Yin and Yang of Fundraising Explored at LaunchNJ Life Sciences Meeting
At the LaunchNJ Life Sciences meeting on Nov. 10 at Kean University, attendees from startup life-science companies were treated to talks on the pleasures and the pains of fundraising.
Discussing the pleasures was Don Newman, director of small business advocacy at the New Jersey Business Action Center , who reviewed many of the ways in which the State of New Jersey was working to help local companies raise capital.
The pains and pitfalls were left to Jarrod Rhen, a CPA with WithumSmith+Brown PC, a tax, accounting and auditing firm. Rhen walked the group through many of the hidden traps found in investor agreements, placed there to protect the investors at the expense of the inventors.
Newman spoke about New Jersey’s “four legs” of business development: Choose: New Jersey, a privately funded company promoting New Jersey as a place to locate a business; the New Jersey Economic Development Authority, which Newman referred to as “the bank for businesses”; the Department of Higher Education, which plans, coordinates and advises on state programs that promote business development; and his organization, the NJBAC, which serves as a “one-stop” shop for businesses of all sizes, supporting the global competitiveness of New Jersey companies.

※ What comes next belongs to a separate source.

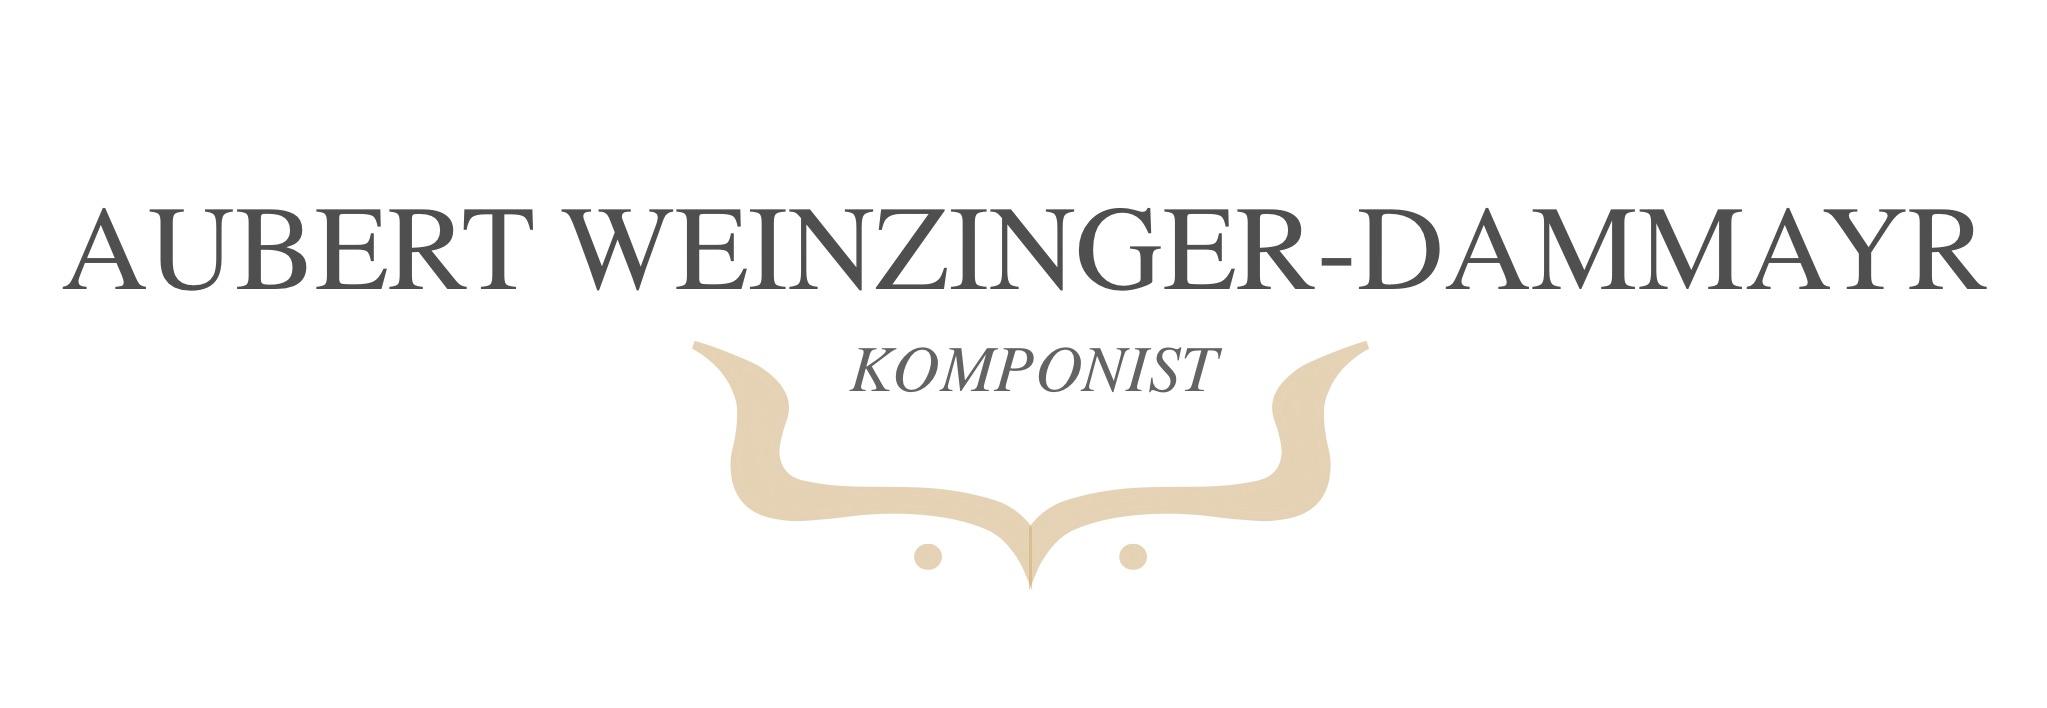 Logo colore 1

The NJBAC also promotes the state’s attractiveness as a business-investment location, both nationally and internationally.
Newman started with two important messages: First, he said, only 2 percent of the world’s customers are in the U.S. This means that companies that are not exporting are missing out on a lot. Second, he couldn’t emphasize enough the importance of having a business plan. He added that if you put a business plan together and find out that the business is more than you want to take on, then that is a successful business plan.
Among the litany of programs mentioned by Newman were: assistance for small businesses in obtaining financing ranging anywhere from $500 to $5 million; assistance with the state government procurement process; grants to help companies expand into international trade, including funding for registration at foreign trade events; various tax credits for net operating losses; and angel investments.
He noted that the state operates an online business portal for those interested in these programs.
Newman emphasized that it is important to think ahead to you want to go, and to think about what programs you might want to use in the future, after your business is established. For example, the tax credit for net operating losses only applies if your company is subject to the corporate business tax, so you will need to incorporate as a C-Corp — rather than as an LLC or an S-Corp — to be able to take advantage of that program.
While Newman spoke about all the help available for life-science entrepreneurs, Rhen spoke about all the elements investors put into investment deals to protect themselves at the company’s expense.
Companies really need to have someone on staff who understands finance, to keep them out of trouble due to the hidden surprises in contracts, Rhen said.
Rhen presented in broad strokes what an entrepreneur needs to look out for to protect the company’s residual value (the value left over after the investors take their shares). He did this by walking the audience through the pros and cons of straight debt, convertible debt (a loan that converts to equity), warrants (options to buy equity at later time), preferred stock, and common stock.
He warned that the devil is in the details, saying that clauses like cashless exercise provisions, under which an investor uses a share of his or her profits to buy more shares of a company, could mean that the shares the company just sold will produce no additional money.
He also explained how cumulative dividends work, which is similar to the way compound interest works, and how they protect the investor at the expense of the residual value. The investors’ value rises with time, but the company’s doesn’t.
Other provisions discussed were liquidation preferences, puts and calls, make-whole provisions and down-round provisions. Down rounds occur when the second round of funding is at a lower valuation then the value for the initial investors. With a down-round provision, the initial investors get the new rates, and their investments are protected, but only by stealing from the entrepreneur’s “piece of the pie.”
Rhen emphasized that a startup’s ability to negotiate these provisions really depends on just how badly it needs the money. The greater the need, the less residual value the startup will likely be able to hold out for.
However, he encouraged even desperate companies to know what they are getting into, so that they aren’t surprised. And he offered to help entrepreneurs review and understand a term sheet, even if it meant sitting down with them over a beer to discuss it!